Here are some types first, then we'll try it out:
solve :: (Functor f, Typeable (Element g))
=> Prop (f (PVar g)) -> Maybe (f (Element g))
We can plug in our hardest sudoku and after a second or two we'll print out the answer!
>>> solvePuzzle hardestBoard
812753649
943682175
675491283
154237896
369845721
287169534
521974368
438526917
796318452
You can double check it for me, but I'm pretty sure that's a valid solution!
Example: N-Queens
Just for fun, here's the N-Queens problem
{-# LANGUAGE ScopedTypeVariables #-}
{-# LANGUAGE ViewPatterns #-}
module Examples.NQueens where
import qualified Data.Set as S
import Props
import Data.Foldable
import Data.List
-- | A board coordinate
type Coord = (Int, Int)
-- | Given a number of queens, constrain them to not overlap
constrainQueens :: Int -> Prop [PVar (S.Set Coord)]
constrainQueens n = do
-- All possible grid locations
let locations = S.fromList [(x, y) | x <- [0..n - 1], y <- [0..n - 1]]
-- Each queen could initially be placed anywhere
let queens = replicate n locations
-- Make a PVar for each queen's location
queenVars <- traverse newPVar queens
-- Each pair of queens must not overlap
let queenPairs = [(a, b) | a <- queenVars, b <- queenVars, a /= b]
for_ queenPairs $ \(a, b) -> require (\x y -> not $ overlapping x y) a b
return queenVars
-- | Check whether two queens overlap with each other (i.e. could kill each other)
overlapping :: Coord -> Coord -> Bool
overlapping (x, y) (x', y')
-- Same Row
| x == x' = True
-- Same Column
| y == y' = True
-- Same Diagonal 1
| x - x' == y - y' = True
-- Same Diagonal 2
| x + y == x' + y' = True
| otherwise = False
-- | Print an nQueens puzzle to a string.

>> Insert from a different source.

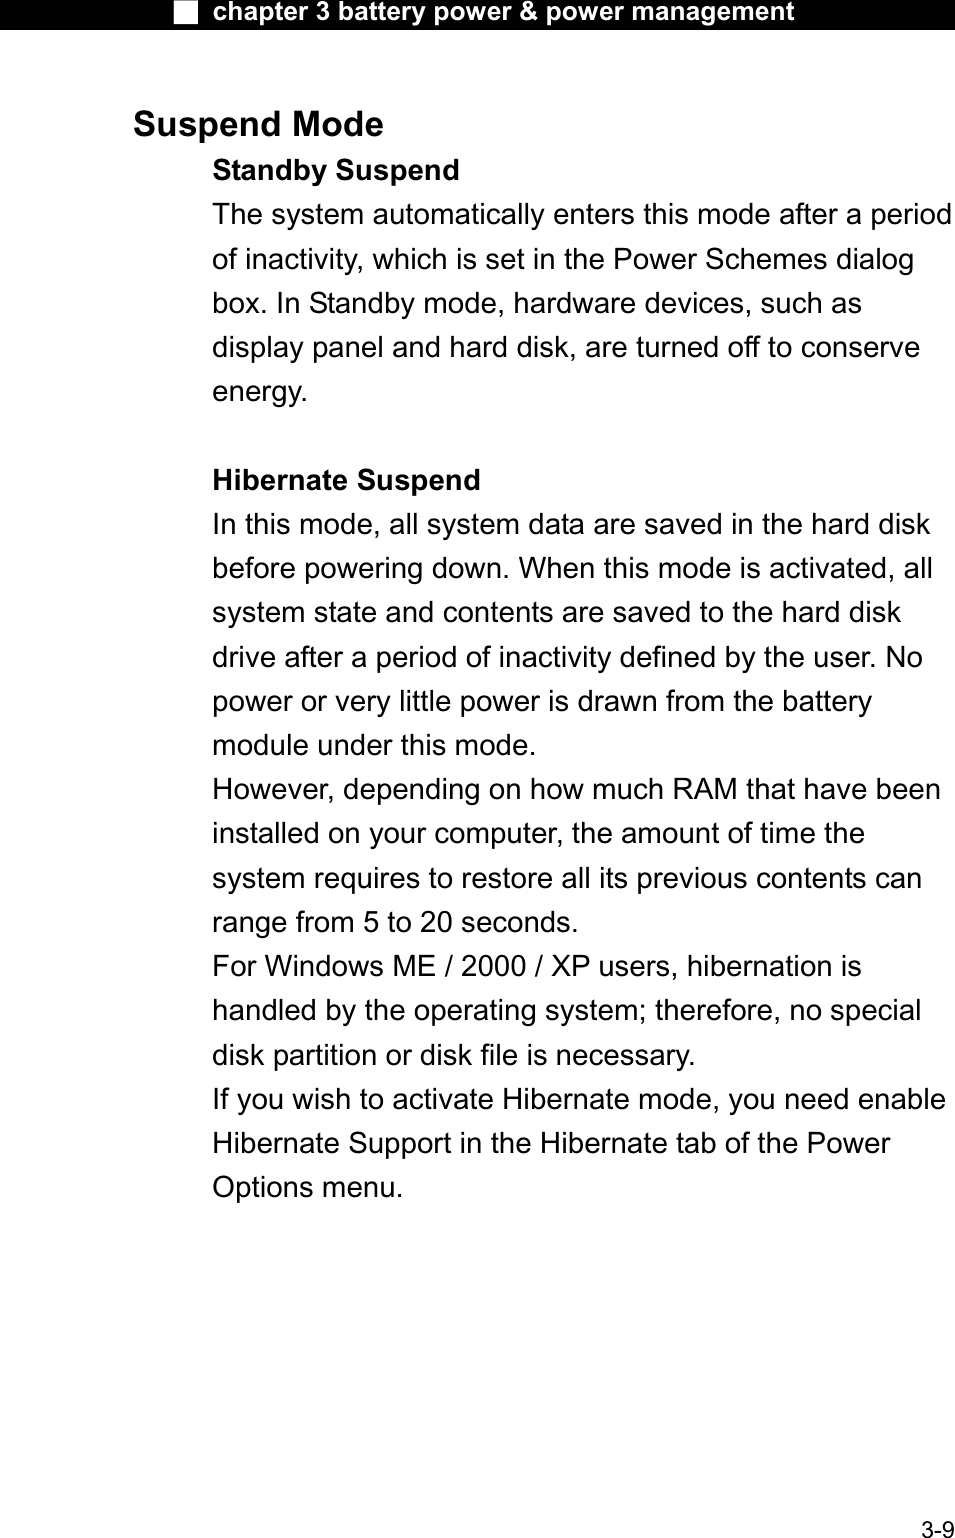 Ϯ chapter 3 battery power &amp; power managementSuspend Mode Standby SuspendThe system automatically enters this mode after a periodof inactivity, which is set in the Power Schemes dialogbox. In Standby mode, hardware devices, such asdisplay panel and hard disk, are turned off to conserveenergy.Hibernate SuspendIn this mode, all system data are saved in the hard diskbefore powering down. When this mode is activated, allsystem state and contents are saved to the hard disk drive after a period of inactivity defined by the user. No power or very little power is drawn from the battery module under this mode. However, depending on how much RAM that have been installed on your computer, the amount of time the system requires to restore all its previous contents canrange from 5 to 20 seconds.For Windows ME / 2000 / XP users, hibernation ishandled by the operating system; therefore, no specialdisk partition or disk file is necessary.If you wish to activate Hibernate mode, you need enableHibernate Support in the Hibernate tab of the Power Options menu. 3-9

showSolution :: Int -> [Coord] -> String
showSolution n (S.fromList -> qs) =
let str = toChar . (`S.member` qs) <$> [(x, y) | x <- [0..n-1], y <- [0..n-1]]
in unlines . chunksOf n $ str
where
toChar :: Bool -> Char
toChar True = 'Q'
toChar False = '.'
chunksOf :: Int -> [a] -> [[a]]
chunksOf n = unfoldr go
where
go [] = Nothing
go xs = Just (take n xs, drop n xs)
-- | Solve and print an N-Queens puzzle
nQueens :: Int -> IO ()
nQueens n = do
let Just results = solve (constrainQueens n)
putStrLn $ showSolution n results
-- | Solve and print all possible solutions of an N-Queens puzzle
-- This will include duplicates.
nQueensAll :: Int -> IO ()
nQueensAll n = do
let results = solveAll (constrainQueens n)
traverse_ (putStrLn . showSolution n) results
This is a generalized solution, so performance suffers in relation to a tool built for the job (e.g. It's not as fast as dedicated Sudoku solvers); but it does "pretty well".